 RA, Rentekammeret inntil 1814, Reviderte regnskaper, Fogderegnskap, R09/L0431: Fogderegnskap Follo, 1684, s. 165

──────────────────────────────

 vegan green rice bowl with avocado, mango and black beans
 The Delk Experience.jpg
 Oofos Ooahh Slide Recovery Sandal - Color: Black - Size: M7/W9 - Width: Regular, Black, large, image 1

──────────────────────────────

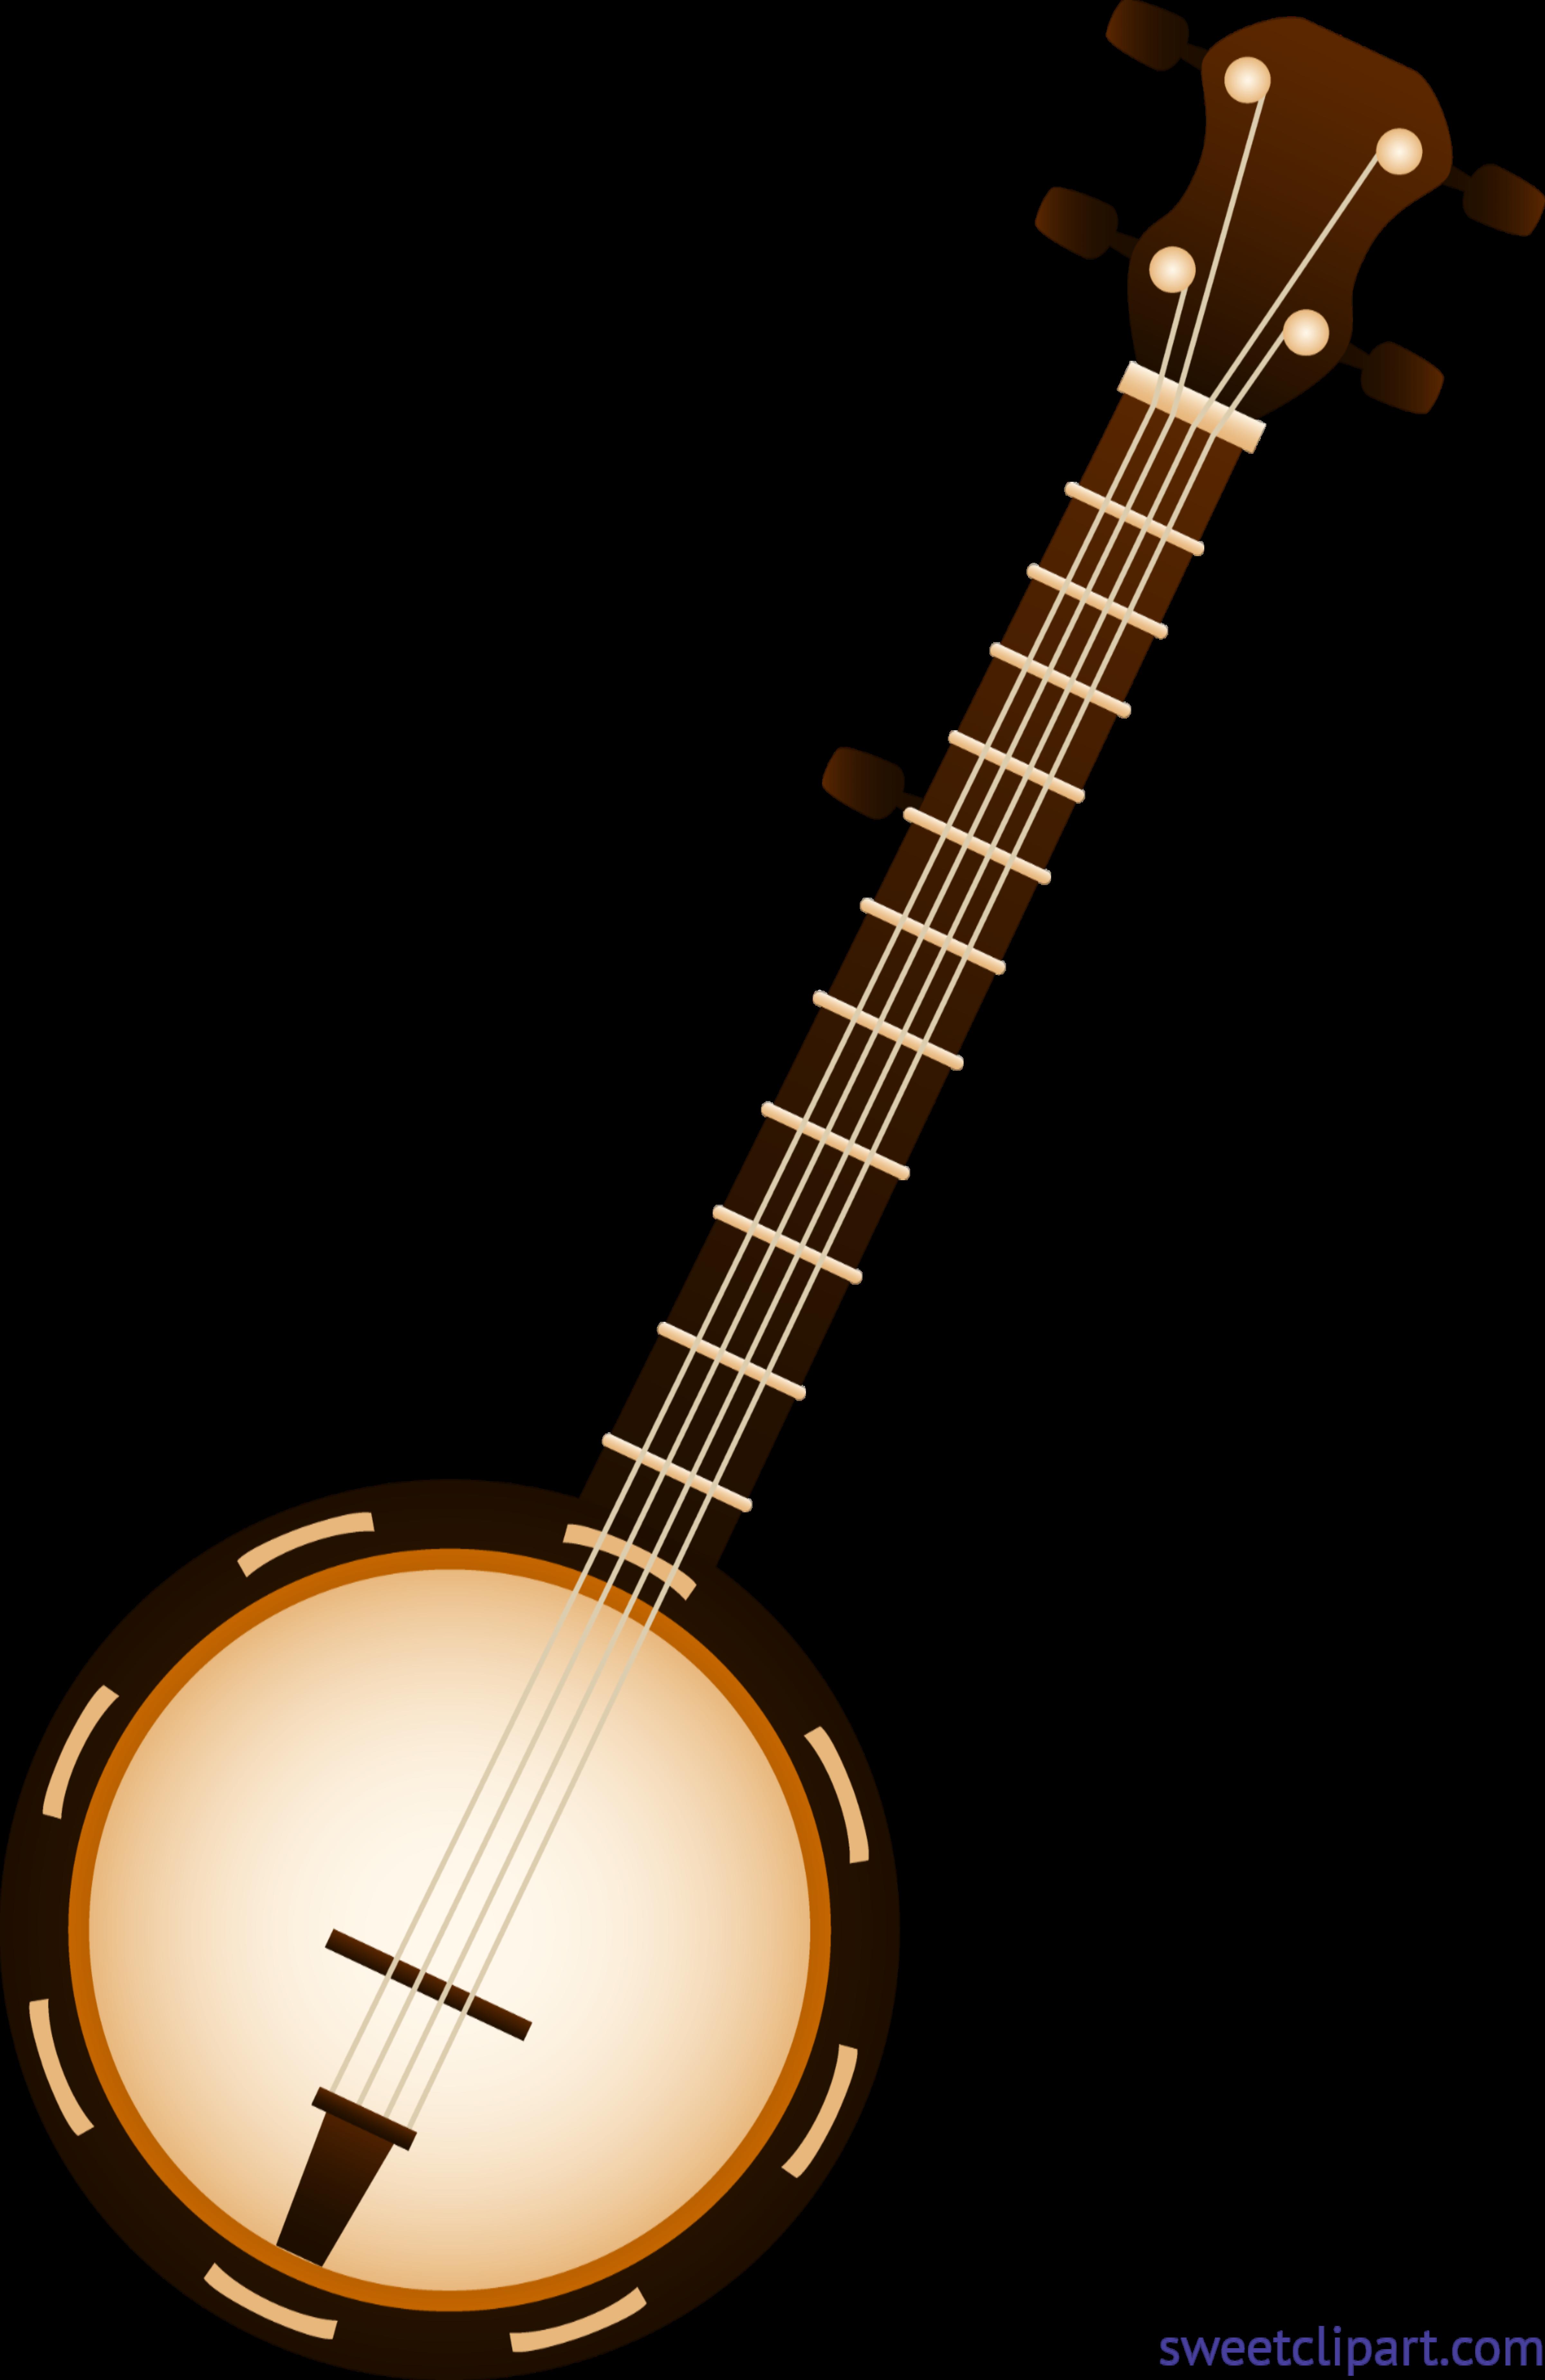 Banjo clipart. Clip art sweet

──────────────────────────────

THE PROBLEM:
Above are some records; copy exactly the lines from the one with "vegan green rice" through the one with "Oofos Ooahh Slide", both included, and no others.

RESULT OF THIS TASK:
 vegan green rice bowl with avocado, mango and black beans
 The Delk Experience.jpg
 Oofos Ooahh Slide Recovery Sandal - Color: Black - Size: M7/W9 - Width: Regular, Black, large, image 1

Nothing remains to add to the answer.